THE HUSBAND OR PRESUMED FATHER MAY FILE

The presumed father may file by raising the issue in a divorce or separate maintenance action against the mother. MCL 722.1441(2).
[1]

The court may determine that the child was born out of wedlock if the presumed father files the action or if the presumed father raises the issue in an action for divorce or separate maintenance between the presumed father and the mother. MCL 722.1441(2).[3]

A child conceived and born during a marriage is legally presumed the legitimate child of that marriage and the mother’s husband is legally presumed the father. Under prior Michigan law, a third party lacked standing to challenge this presumption unless a court had previously determined that the child was not the product of the marriage. Thus, if a child had a presumed father, an alleged father had no right establish parentage.[3]

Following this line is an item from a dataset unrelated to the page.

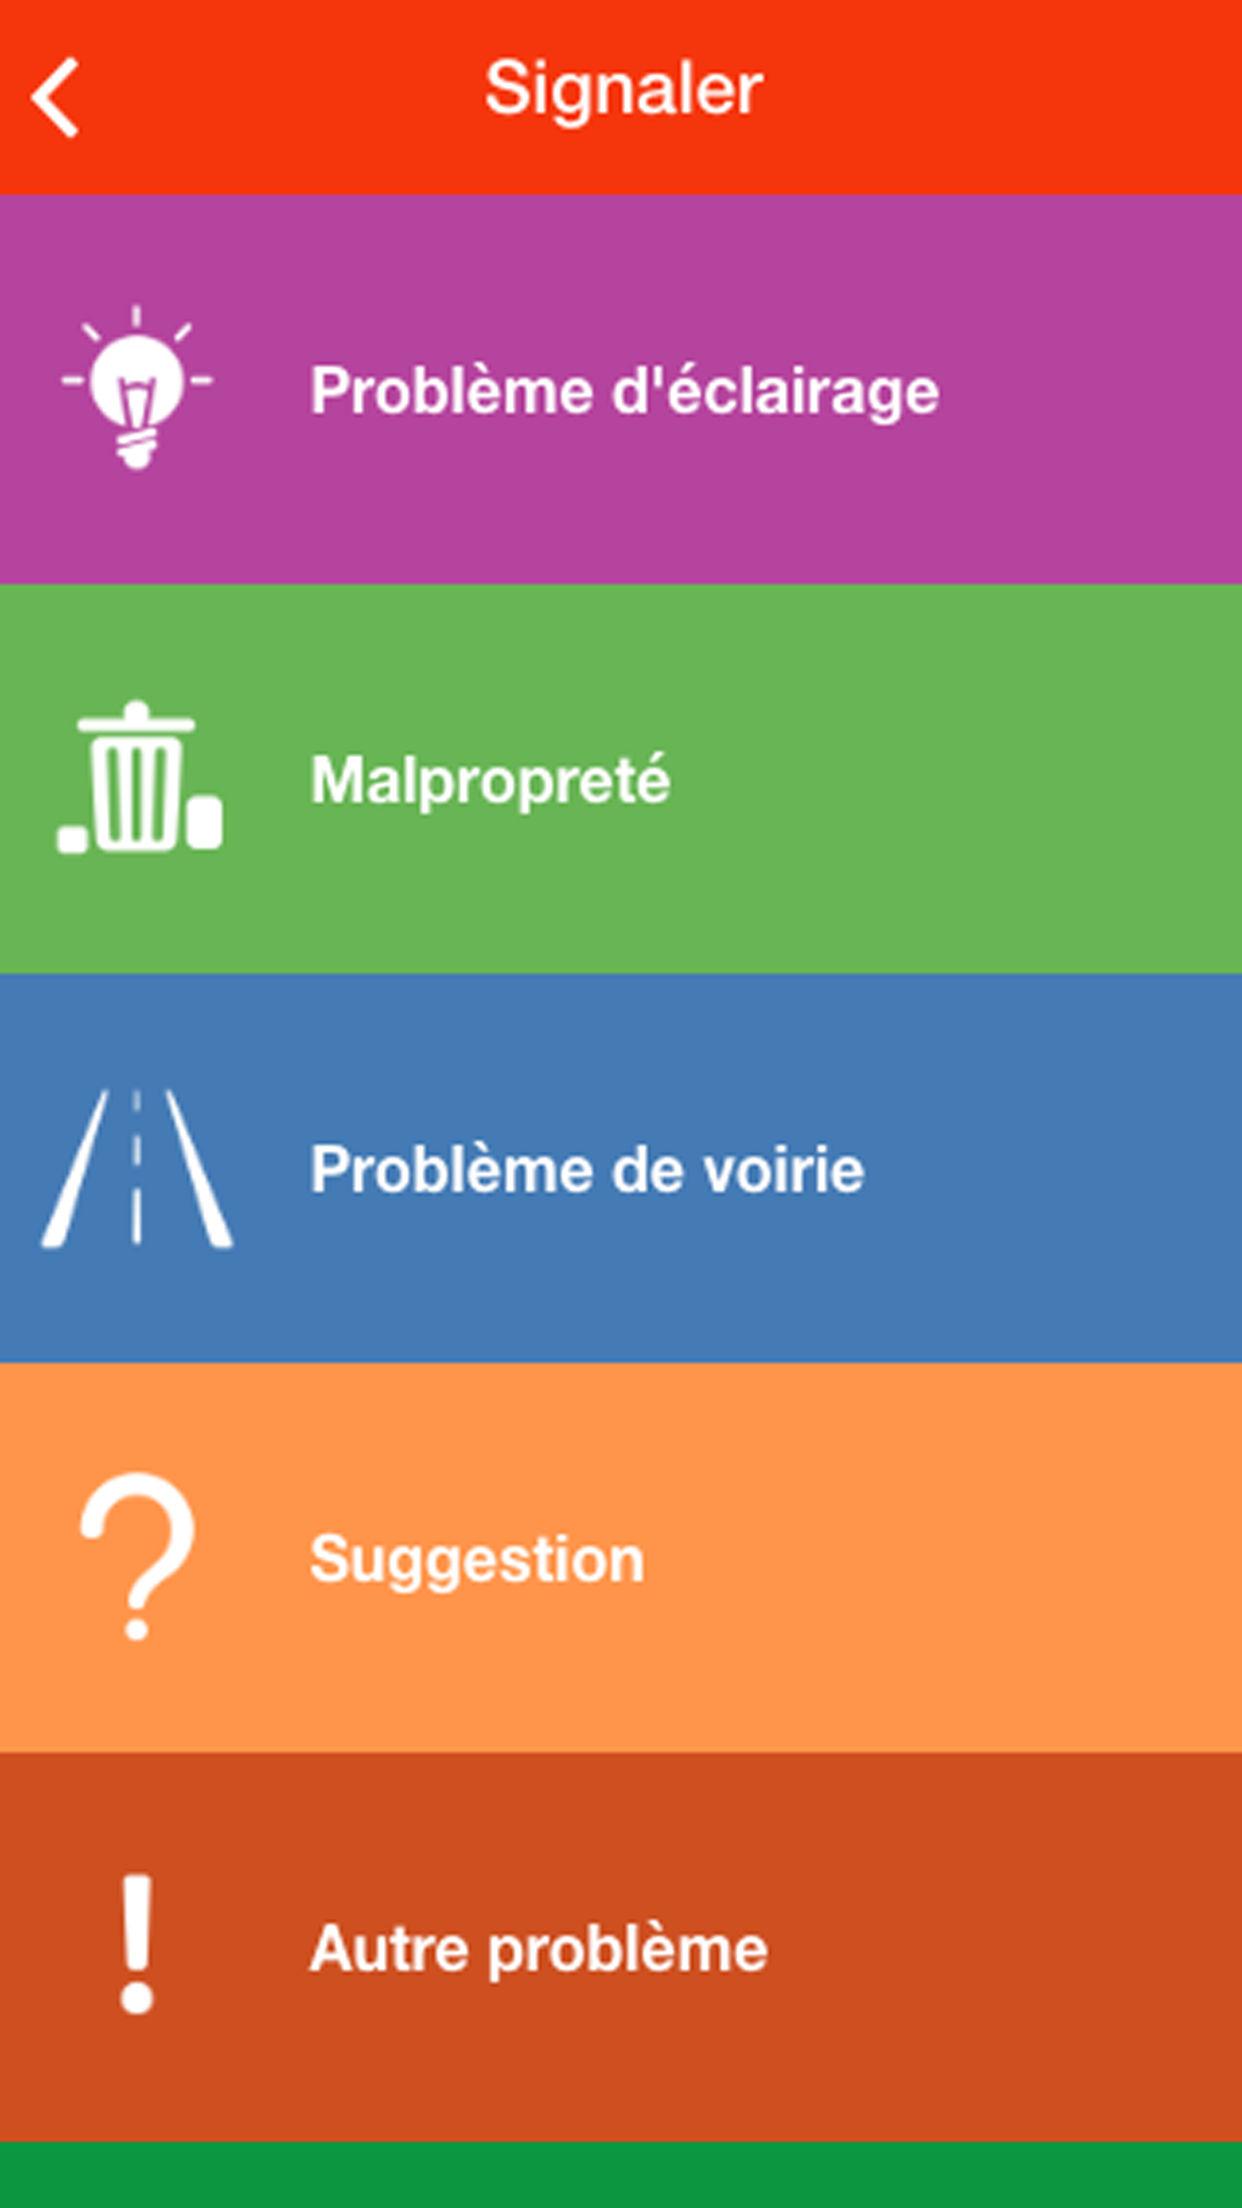 mairie d'Amenucourt - signalement-photo - appli mobile mymairie

A paternity action may not be used to relitigate the issue of the ex-husband’s paternity if it was established in the divorce proceedings. Hackley v Hackley, 426 Mich 582, 395 NW2d 906 (1986) (support order arising from divorce decree constituted adjudication of paternity and duty of support); see also Rucinski v Rucinski, 172 Mich App 20, 431 NW2d 241 (1988) (where husband had not denied paternity during divorce proceedings, divorce judgment and support order constituted adjudication of paternity); accord Hawkins v Murphy, 222 Mich App 664, 565 NW2d 674 (1997) (when paternity has been determined in prior proceeding involving same parties, it may not be re litigated, even if both parties stipulate to blood tests showing that man is not child’s father).[1] The Recovation of Paternity allows a prior order regarding an affilate father to be relitigated and because of the “or” concerning it appears the presumed father can raise it in a divorce or separate maintenance action or through Public Act 159 2012 Revocation of Paternity MCL 722.1431 et al.

Can the Revocation of Paternity Act be used to litigate the husband’s Paternity decided in a divorce proceedings?[trb]

Under the Revocation of Paternity Act, a court may determine a child’s paternity and set aside acknowledgements, determinations, and judgments relating to paternity. [1] Does the use of “judgements” here include divorce judgements?[trb]

(2) If a child has a presumed father, a court may determine that the child is born out of wedlock for the purpose of establishing the child’s paternity if an action is filed by the presumed father within 3 years after the child’s birth or if the presumed father raises the issue in an action for divorce or separate maintenance between the presumed father and the mother. The requirement that an action be filed within 3 years after the child’s birth does not apply to an action filed on or before 1 year after the effective date of this act722.1441 Determination that child born out of wedlock. (2). Does the use of “or” allow a husband to choose either.. [trb]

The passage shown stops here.